Files already downloaded and verified
Files already downloaded and verified


In [140]:
### Conventional CNN model
class CNN(nn.Module):
    def __init__(self):
        super(CNN, self).__init__()
        self.conv_layers = nn.Sequential(
            nn.Conv2d(3, 32, kernel_size=3, stride = 1, padding=1),
            nn.BatchNorm2d(32),
            nn.ReLU(),
            nn.MaxPool2d(kernel_size=2, stride=2),
            nn.Conv2d(32, 64, kernel_size=3, stride = 1, padding=1),
            nn.BatchNorm2d(64),
            nn.ReLU(),
            nn.MaxPool2d(kernel_size=2, stride=2)
        )
        self.fc_layers = nn.Sequential(
            nn.Flatten(),
            nn.Linear(64 * 8 * 8, 64),
            nn.ReLU(),
            nn.Linear(64, 10) ,
            nn.Softmax()
            )
        
    def forward(self, x):
        x = self.conv_layers(x)
        x = self.fc_layers(x)
        return x

In [141]:
def initialize_weights(model):
    for module in model.modules():
        if isinstance(module, nn.Conv2d) or isinstance(module, nn.Linear):
            nn.init.xavier_uniform_(module.weight)
            if module.bias is not None:
                nn.init.zeros_(module.bias)

In [142]:
### Initialize the model and parameters( weights and biases) 
cnn = CNN().to(device)
initialize_weights(cnn)

### learning rate and number of epochs
learning_rate = 0.001
num_epochs = 40

### Loss and optimizer
criterion = nn.CrossEntropyLoss()
optimizer = optim.Adam(cnn.parameters(), lr=learning_rate)

# Training cnn 
total_step = len(train_loader)
start_time = datetime.now()
for epoch in range(num_epochs):
    cnn.train()
    running_loss = 0 
    train_correct = 0
    train_total = 0
    for i, (images, labels) in enumerate(train_loader):
        images, labels = images.to(device), labels.to(device)
        # Forward pass
        outputs = cnn(images)
        loss = criterion(outputs, labels)
        running_loss += loss.item()
        predicted  = torch.argmax(outputs, dim =1)            
        train_total += labels.size(0)
        train_correct += (predicted == labels).sum().item()
        # Backward and optimize
        optimizer.zero_grad()
        loss.backward()
        optimizer.step()

        if (i+1) % 50 == 0:
            print(f'Epoch [{epoch+1}/{num_epochs}], Step [{i+1}/{total_step}], Average Loss: {running_loss / i:.4f} , Accuracy train : {(train_correct/train_total) * 100 : .2f}')

    # Testing the model
    cnn.eval()
    with torch.no_grad():
        correct = 0
        total = 0
        for images, labels in test_loader:
            images, labels = images.to(device), labels.to(device)
            outputs =  cnn(images)
            predicted  = torch.argmax(outputs, dim =1)            
            total += labels.size(0)
            correct += (predicted == labels).sum().item()

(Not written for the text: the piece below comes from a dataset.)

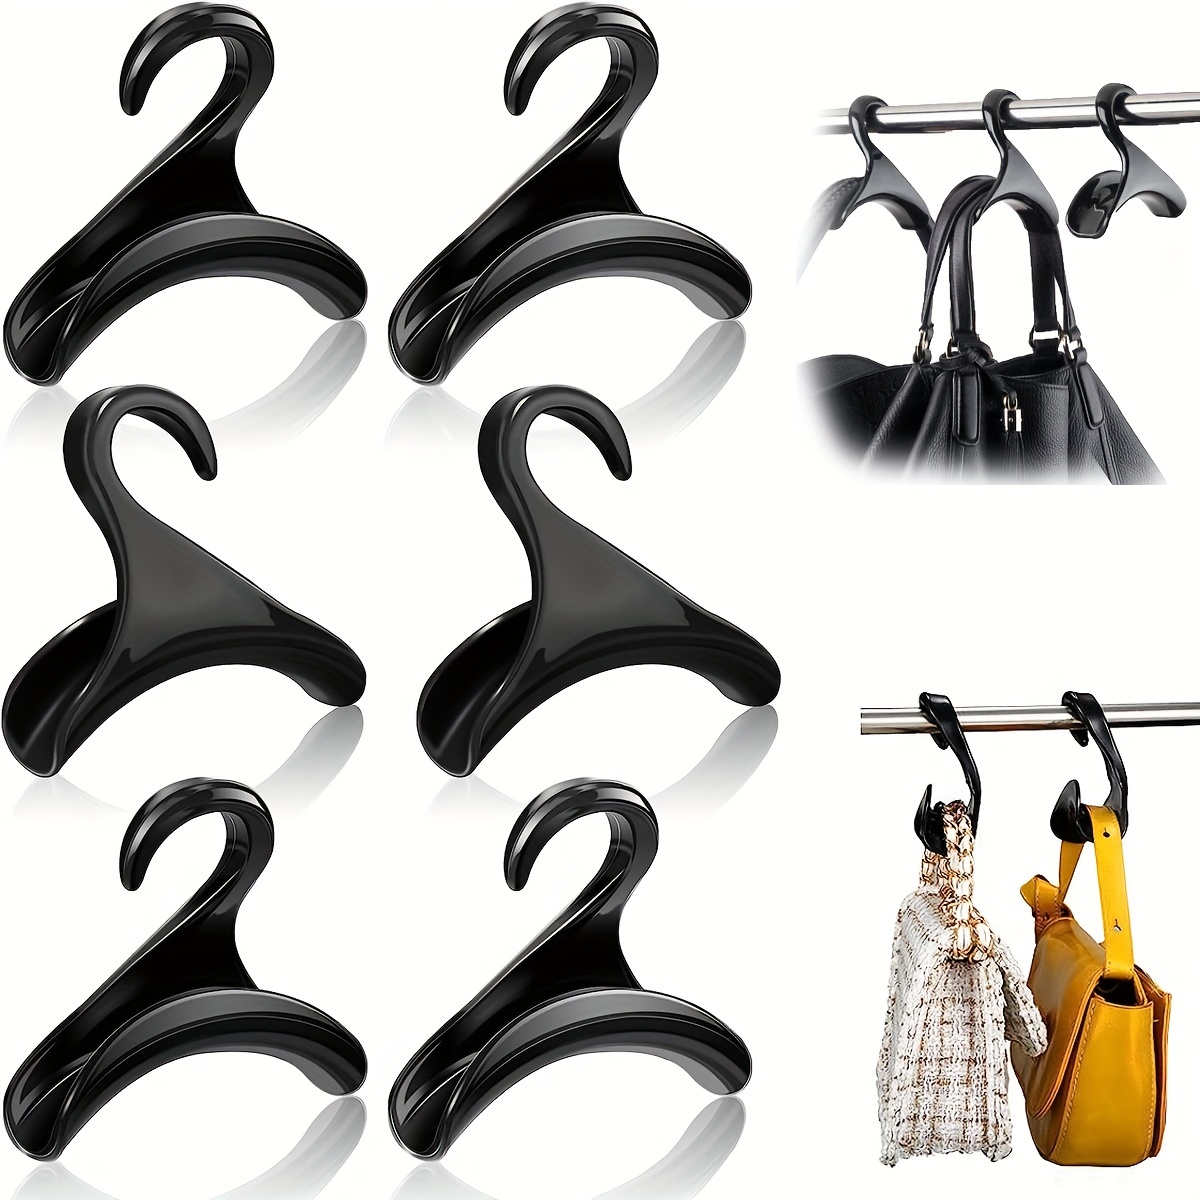 6pcs Arched Hanger Hook, Bag Handbag Hanger Rack, For Wardrobe Closet  Hanging Storage, Backpack Satchel Purse Plastic Hook Holder (Black)
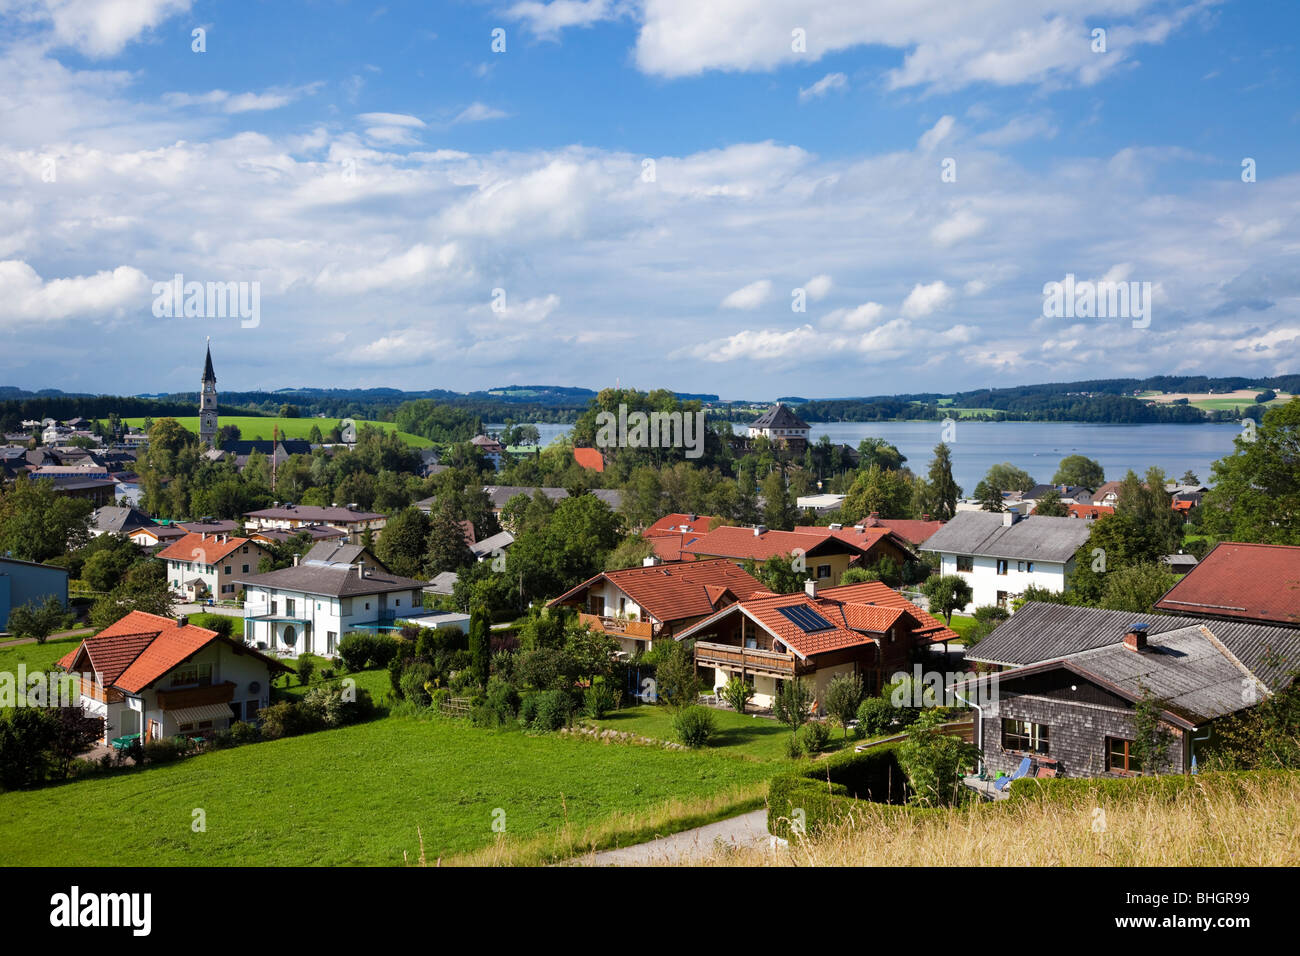 Austria : Città di Mattsee e Lago di Mattsee nel distretto dei laghi austriaci, Austria, Europa Foto Stock

        print(f' Accuracy test : {100 * correct / total}%')
end_time = datetime.now()

print(f"The whole processing took {end_time - start_time} for a conventional convulutional neural network")


Epoch [1/40], Step [50/98], Average Loss: 2.2071 , Accuracy train :  28.89
Average Loss : Accuracy test : 47.65%
Epoch [2/40], Step [50/98], Average Loss: 1.9834 , Accuracy train :  51.56
Average Loss : Accuracy test : 55.2%
Epoch [3/40], Step [50/98], Average Loss: 1.9124 , Accuracy train :  58.73
Average Loss : Accuracy test : 59.33%
Epoch [4/40], Step [50/98], Average Loss: 1.8782 , Accuracy train :  62.30
Average Loss : Accuracy test : 60.26%
Epoch [5/40], Step [50/98], Average Loss: 1.8506 , Accuracy train :  65.04
Average Loss : Accuracy test : 60.46%
Epoch [6/40], Step [50/98], Average Loss: 1.8383 , Accuracy train :  66.29
Average Loss : Accuracy test : 64.14%
Epoch [7/40], Step [50/98], Average Loss: 1.8241 , Accuracy train :  67.53
Average Loss : Accuracy test : 64.27%
Epoch [8/40], Step [50/98], Average Loss: 1.8103 , Accuracy train :  68.94
Average Loss : Accuracy test : 64.43%
Epoch [9/40], Step [50/98], Average Loss: 1.8037 , Accuracy train :  69.70
Average Loss : Accurac

In [143]:
def deform_conv2d(
    input,
    offset,
    weight,
    bias,
    stride = (1, 1),
    padding = (0, 0),
    dilation = (1, 1),
    mask = None,
):
    out_channels = weight.shape[0]

    use_mask = mask is not None

    if mask is None:
        mask = torch.zeros((input.shape[0], 0), device=input.device, dtype=input.dtype)

    if bias is None:
        bias = torch.zeros(out_channels, device=input.device, dtype=input.dtype)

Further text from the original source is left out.